Iterating between the two steps gives a stochastic version of the EM algorithm. Each simulation step provides an estimate, and following the classical EM algorithm, we can easily see that on average, we increase the (marginal) likelihood in each step. The outline of which is sketched in Figure A4, in the Appendix.

The results of the model which simulates from the joint probability distribution with K = 2.000, instead of K = 1.000, are shown in the supplementary material.

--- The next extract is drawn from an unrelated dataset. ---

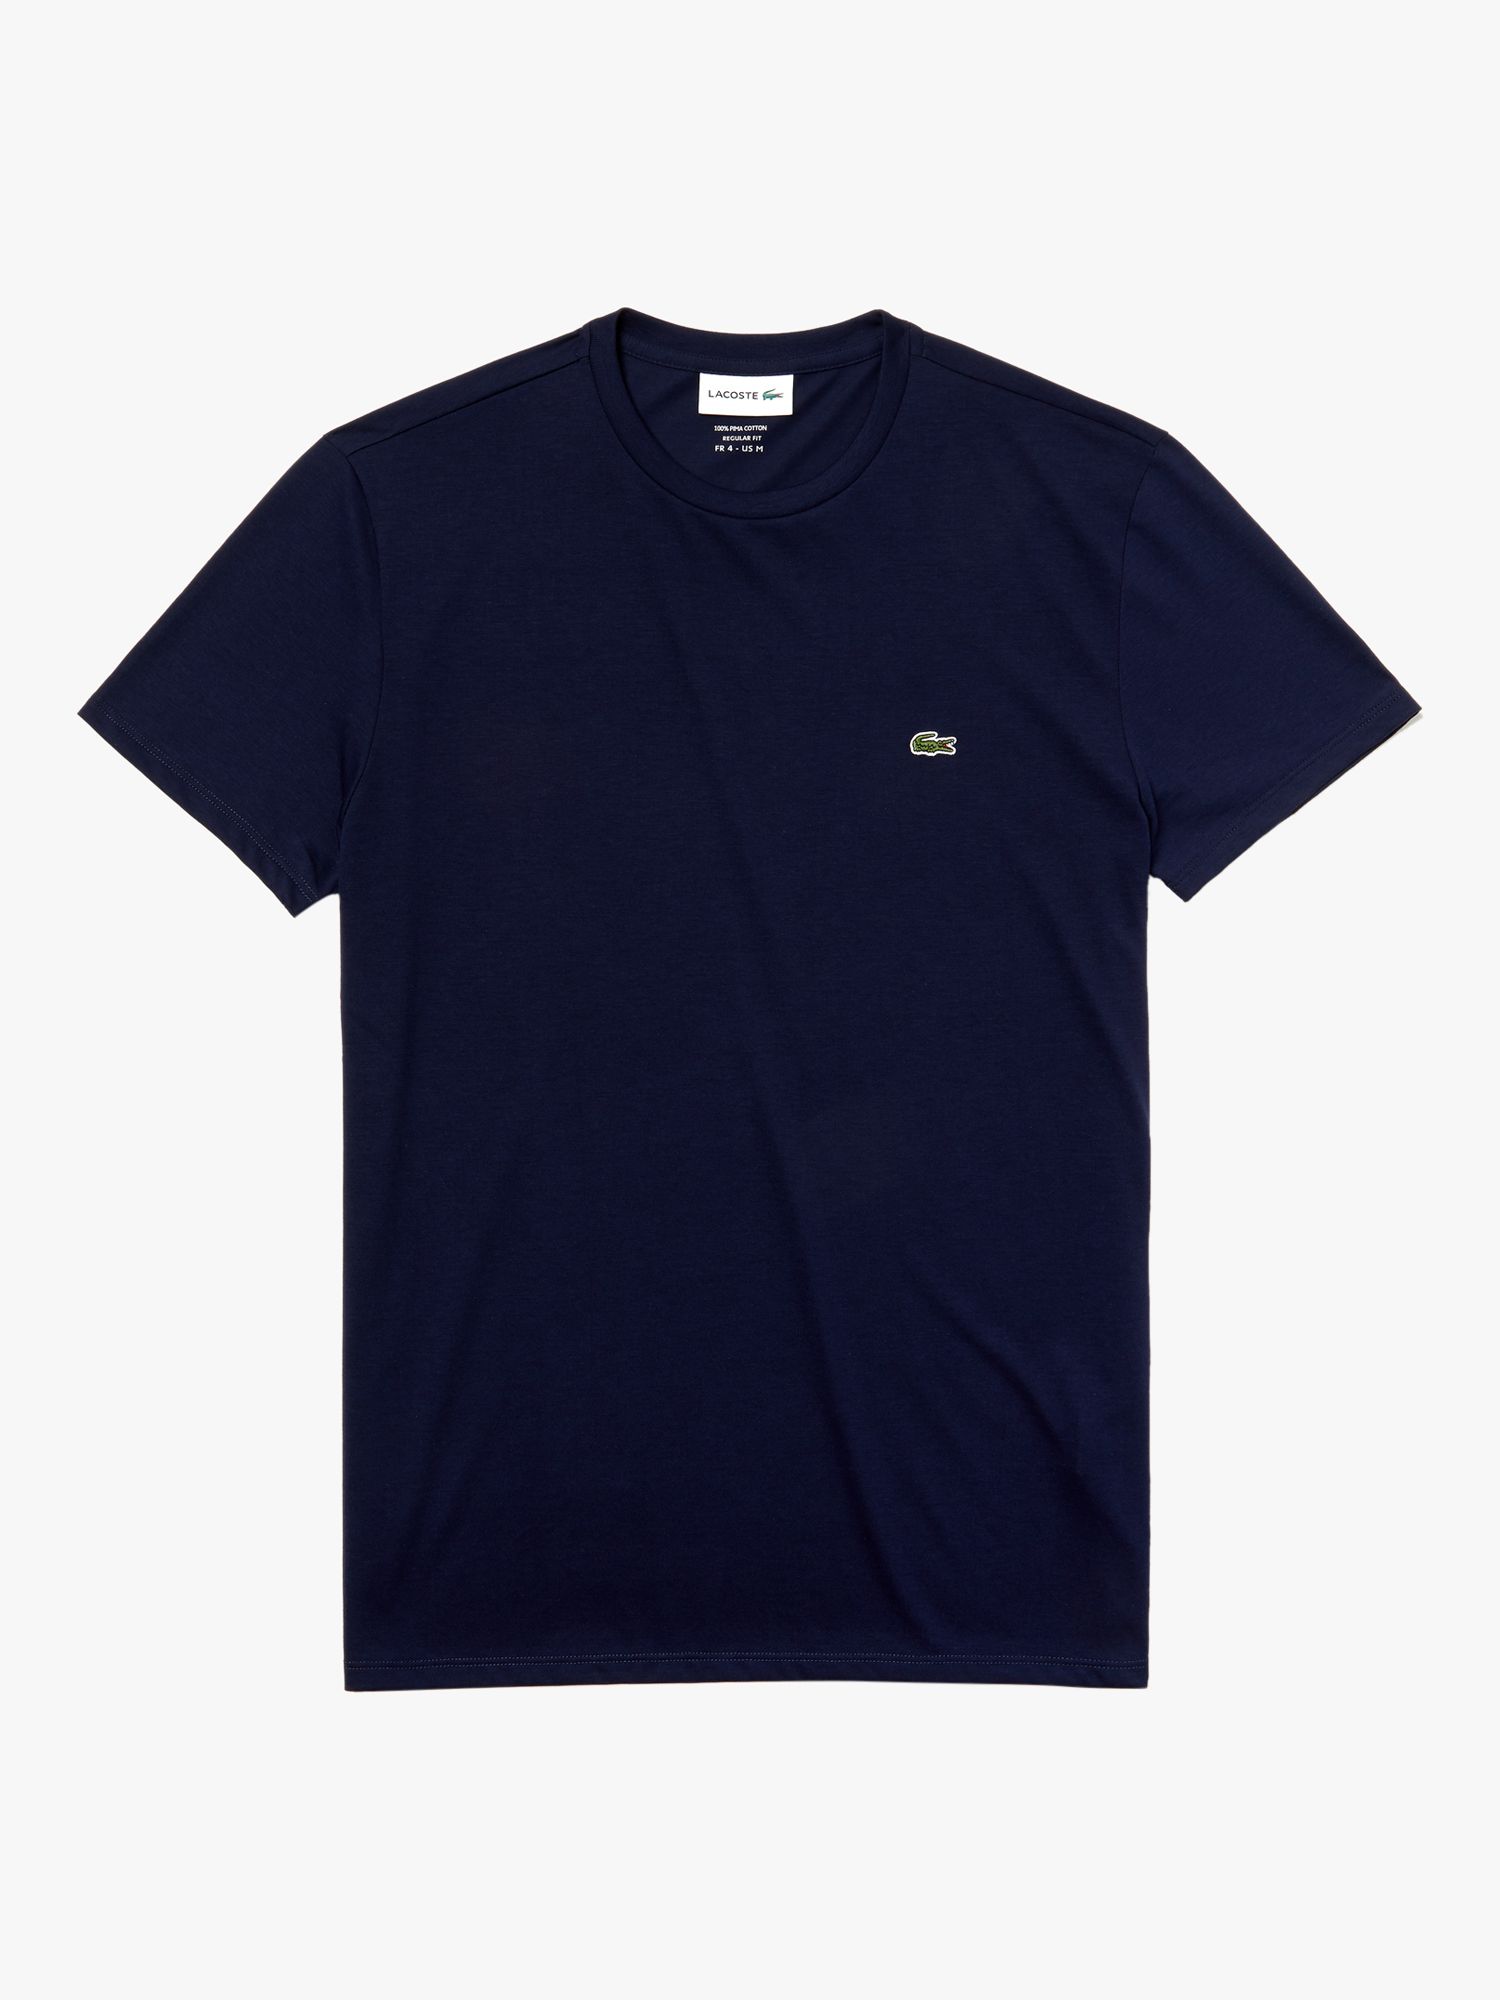 Хлопковая футболка с круглым вырезом Lacoste Classic Pima, темно-синяя

3.3 Inference based on SEM

Unlike the EM algorithm, where calculating the variance of the estimates is not straightforward, and one typically relies on Louis’ formula Louis (1982), the stochastic version allows to take the uncertainty due to the missing data into account. The derivation shows similarities to Rubin’s formula for imputation, see Rubin (1976). Let the parameter vector of linear and smooth functions, ${\hat{β}}^{(k)} = {({\hat{β}}^{I {(k)}^{T}}, {\hat{β}}^{R {(k)}^{T}})}^{T}$ , be the resulting estimate in the k^th step of the SEM algorithm. We assume $k > k_{0}$ , where $k_{0}$ refers to the step when convergence seems to be achieved. The final estimate results through

\begin{matrix} \hat{β} = \frac{1}{K - k_{0}} \sum_{k = k_{0} + 1}^{K} {\hat{β}}^{(k)} . \end{matrix}

(3.11)

The variance is estimated via

\begin{matrix} \hat{Var} (\hat{β}) = \frac{1}{K - k_{0}} \sum_{k = k_{0} + 1}^{K} \hat{Var} ({\hat{β}}^{(k)}) + \frac{1 + {(K - k_{0})}^{- 1}}{(K - k_{0}) - 1} \sum_{j = k_{0} + 1}^{K} ({\hat{β}}^{(k)} - \hat{β}) {({\hat{β}}^{(k)} - \hat{β})}^{T} \end{matrix}

(3.12)

where $\hat{Var} ({\hat{β}}^{(k)})$ is the variance estimate in the k iteration step, based on the imputed data set. The latter directly results through the applied fitting algorithm.

4 Results

A great advantage of our approach is that we can directly interpret the estimated association between the included covariates and the incoming patients and outgoing patients separately. To do so, we look at covariates containing information on the infection rates for each of the three age groups and the weekday effects. The estimated coefficients and their standard deviation, calculated based on Rubin’s formula, see Equation (3.12), are provided in Table 1. We use the last 300 runs to determine the coefficient estimates through their median, as well as their variance through the Equation (3.12). The estimates over the last 300 runs are shown through line plots in Figures A2 and A3 in the Appendix for the incoming and outgoing patients, respectively. We include extensions to the runs included in the analysis in the supplementary material. We find, however, that the inclusion of more runs will not result in a change in the estimated coefficients.

Table 1

Estimated coefficients and standard deviations presented on the level of incoming and outgoing patients. The estimates are the exponential of the median of the coefficient estimates from the 200^th run to the 500^th run of the EM algorithm.

	Incoming		Outgoing
	Estimates	Std. Err.	Estimates	Std. Err.
Intercept	-2.28	0.10	-6.41	0.12
Monday effect	0.12	0.05	-0.21	0.06
Tuesday effect	0.14	0.05	0.03	0.06
Wednesday effect	0.13	0.05	0.02	0.06
Thursday effect	0.14	0.05	-0.10	0.06
Saturday effect	-0.02	0.05	-0.09	0.06
Sunday effect	-0.14	0.05	-0.39	0.06
Infection 35-59 yo	0.24	0.05	0.28	0.06
Infection 60-79 yo	0.07	0.05	0.07	0.05
Infection 80+ yo	0.11	0.02	0.10	0.02

First, we look at the association between our covariates and the number of incoming and outgoing patients, as seen in the middle and right column of the output table, Table 1. Recall that the weekday effect is included in the model through a categorical variable, with Friday as its reference category. For the model estimating the number of incoming patients, keeping respectively all other variables constant, we can observe that there is an increased number of incoming patients on other weekdays, compared to Friday, whereas on the weekend, there is a decreased number of patients, compared to Friday. For outgoing patients, the behaviour is slightly different. On Monday, Thursday, Saturday, and especially Sunday, fewer patients are released compared to Friday. Conversely, Tuesday and Wednesday seem slightly increased.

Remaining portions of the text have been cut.